A Frobenius equation takes the form [itex] y'' + p(x)y' +q(x)y \qquad (1)[/itex] but for the sake of definiteness, let's take a particular example that my text uses:

[tex]6x^2y'' + 7xy' - (1 + x^2)y = 0 \qquad(2)[/tex]

We seek the solution in the form of [itex]y(x) = \sum_0^{\infty}x^{n+r}\qquad(3)[/itex]

The textbook says that after differentiating (3) and plugging back into (2) we arrive at:

[tex]

6x^2\sum_o^{\infty}(n+r)(n+r - 1)a_nx^{n+r - 2}

\,+\, 7x\sum_o^{\infty}(n+r)a_nx^{n+r-1}

\,-\, (1+x^2)\sum_o^{\infty}a_nx^{n+r}

\qquad(4)

[/tex]Ok great. Here is what I do not understand: The dummy indices. When we differentiate[itex]y(x) = \sum_0^{\infty}x^{n+r}\qquad(3)[/itex] don't we get [itex]\sum_1^{\infty}(n+r)a_nx^{n+r-1}\qquad(5)[/itex]? Note that the lower bound on the summation is now 1 not 0. Moreover, the lower bound on y''(x) should be 2 not 0.
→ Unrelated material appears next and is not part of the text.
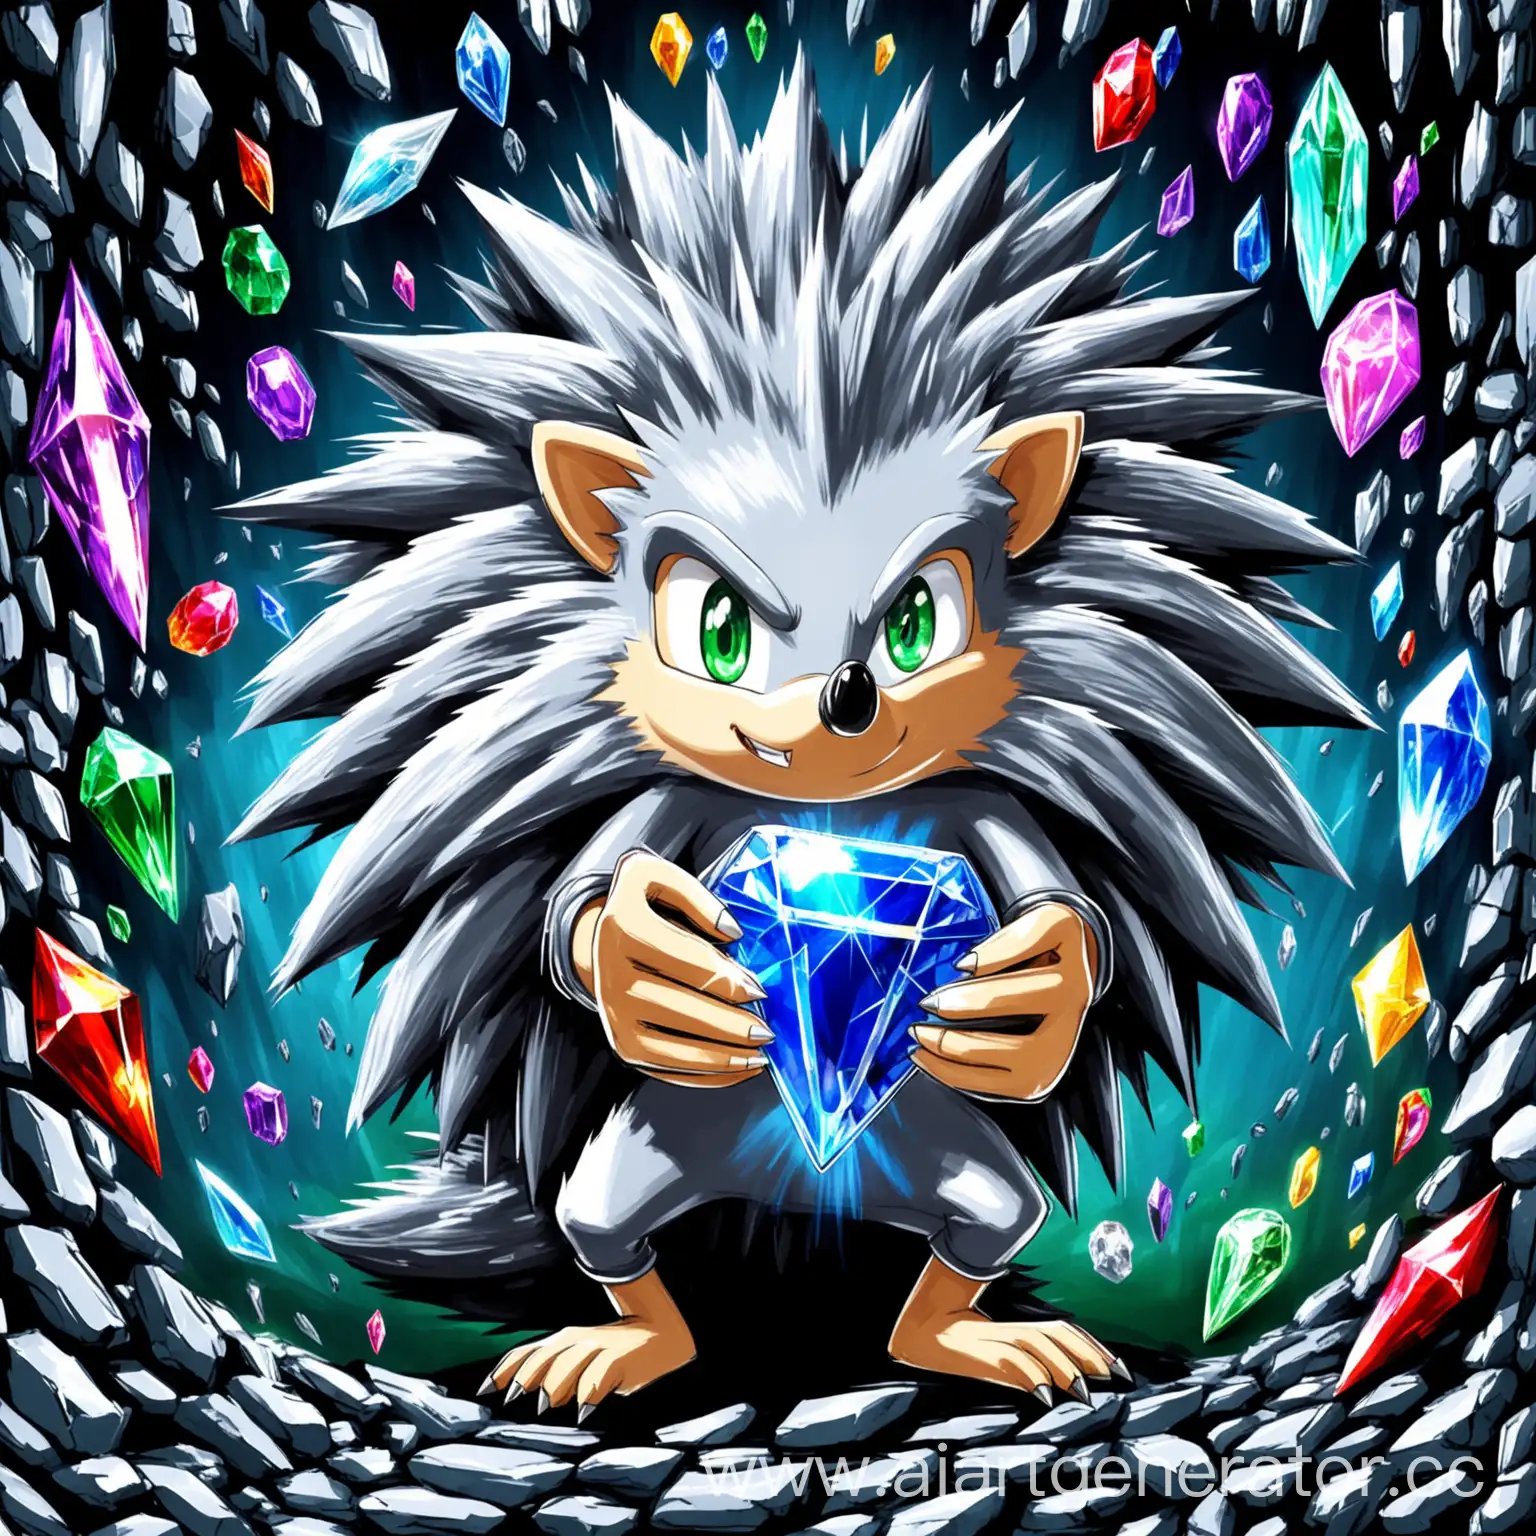 silver the hedhehog holds out the Chaos Emerald

Now I realize that when we do

*power series*solutions, we can just change the lower bounds back to 0, since there is always a factor that causes those first terms to vanish anyway. But here it does not appear that there are factors like that.

So why are the lower bounds on y' and y'' set back to 0?

Thanks